Substitution cipher#Homophonic substitution

The homophone encryption ( from Ancient Greek ὅμος homos "same" and φωνή phone " voice " = " same sounding ") is a already in the 17th century, widespread monoalphabetic encryption method in which, in contrast to simple mono substitution cipher the plaintext characters (mostly: letters) can be substituted by several (different ) ciphertext characters.

The main weakness of the simple mono alphabetic substitution is that each plaintext letter is always encrypted by only a single ciphertext character. The resulting ciphertext is therefore vulnerable to statistical attack. For example, satisfies a simple frequency count of ciphertext characters to identify the most common in most languages ​​letters E (frequency in German about 17.7 %) quickly.

This attack works against the homophone encryption by allowing several substitutes for frequently used letters such as E or N,. Conversely, formulated from the perspective of the ciphertext, different ciphertext characters, the encryption of the same plaintext letter mean (hence the name homophonic ), which significantly complicates the unauthorized decryption of the ciphertext. The homophone encryption thus represents a cryptographic improvement of the simple mono alphabetic substitution method, and is still easier to handle than a polyalphabetic substitution, in which several different secret alphabets are used.

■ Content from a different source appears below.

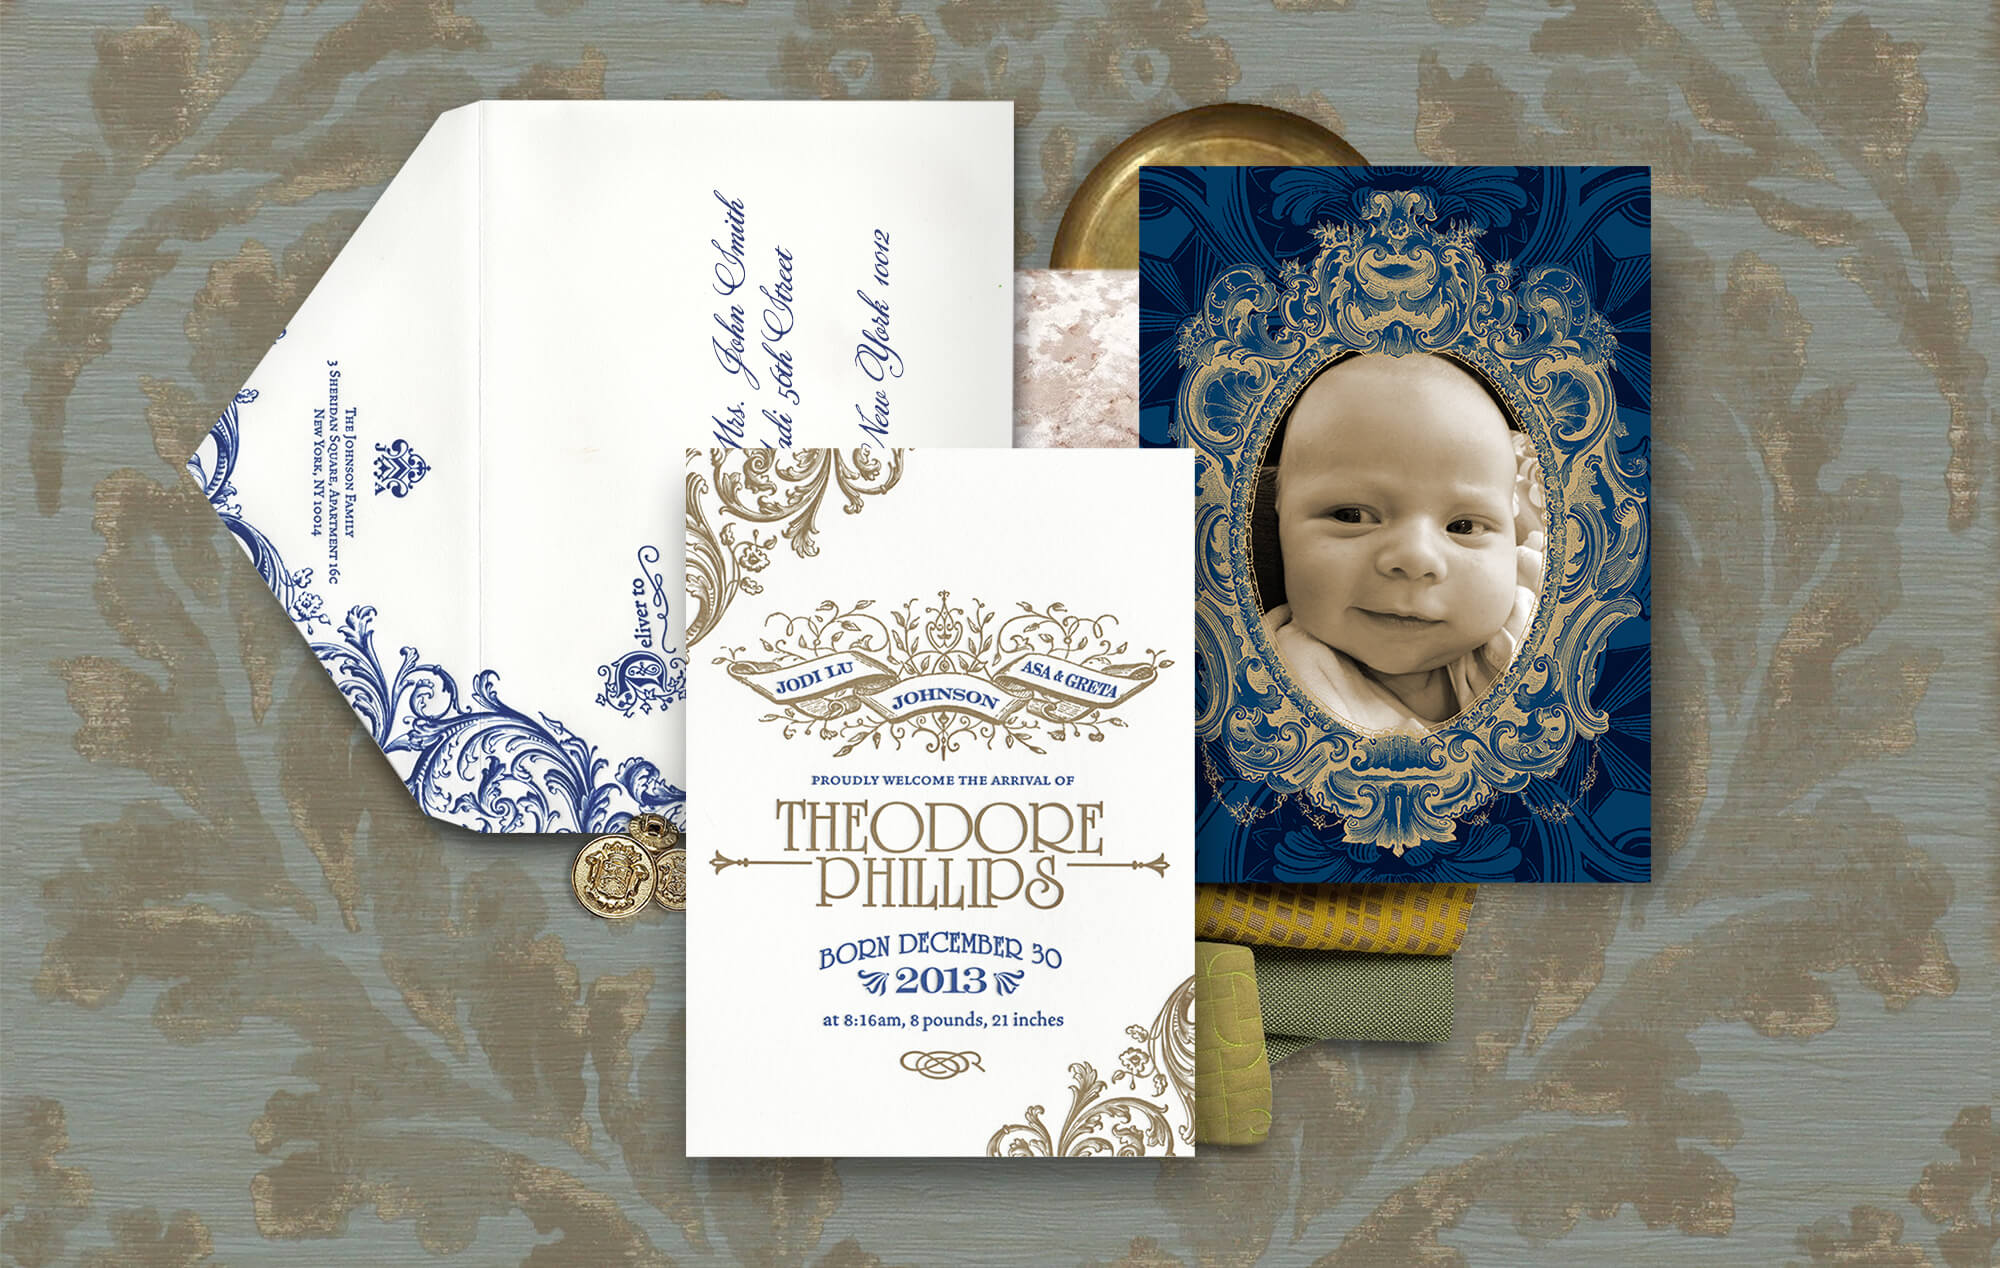 Elegant baby announcement with ornate scrollwork

A contrasting method of encryption is the homophonic polyphonic encryption.

Example

As with all the mono-alphabetic substitution method, only a single fixed substitution alphabet for encryption and decryption is also used in the homophonic encryption. To achieve this goal, namely the leveling of the different frequencies of the plaintext letter can be assigned, for example, each letter of the alphabet as many ciphertext characters such as its relative frequency percentage equal, resulting in a ciphertext alphabet of 100 characters. The typical frequencies of letters in the German language are illustrated in the following diagram:

If we now form the 26 letters of the alphabet on 100 secret characters that in the simplest case on the numbers 00 to 99, and in a way that the A six secret characters, the B two, the C two, D are assigned to five, and so on, as occurs in the ciphertext any (secret ) number with a mean frequency of 1%. A frequency analysis of single characters now yields no more starting points for deciphering.

To view the text yet to crack, the attacker must now apply sophisticated methods. To that end, instead of individual characters ( monograms ) extend the analysis to digrams ( character pairs ), trigrams or tetragrams. Possible targets are characteristic bigrams such as CH, CK or QU and the reverse EN and NE or ER and RE. However, therefore requires significantly longer texts. Sufficiently short, homophonic encrypted texts ( less than eighty letters) are fairly well protected against unauthorized decoding.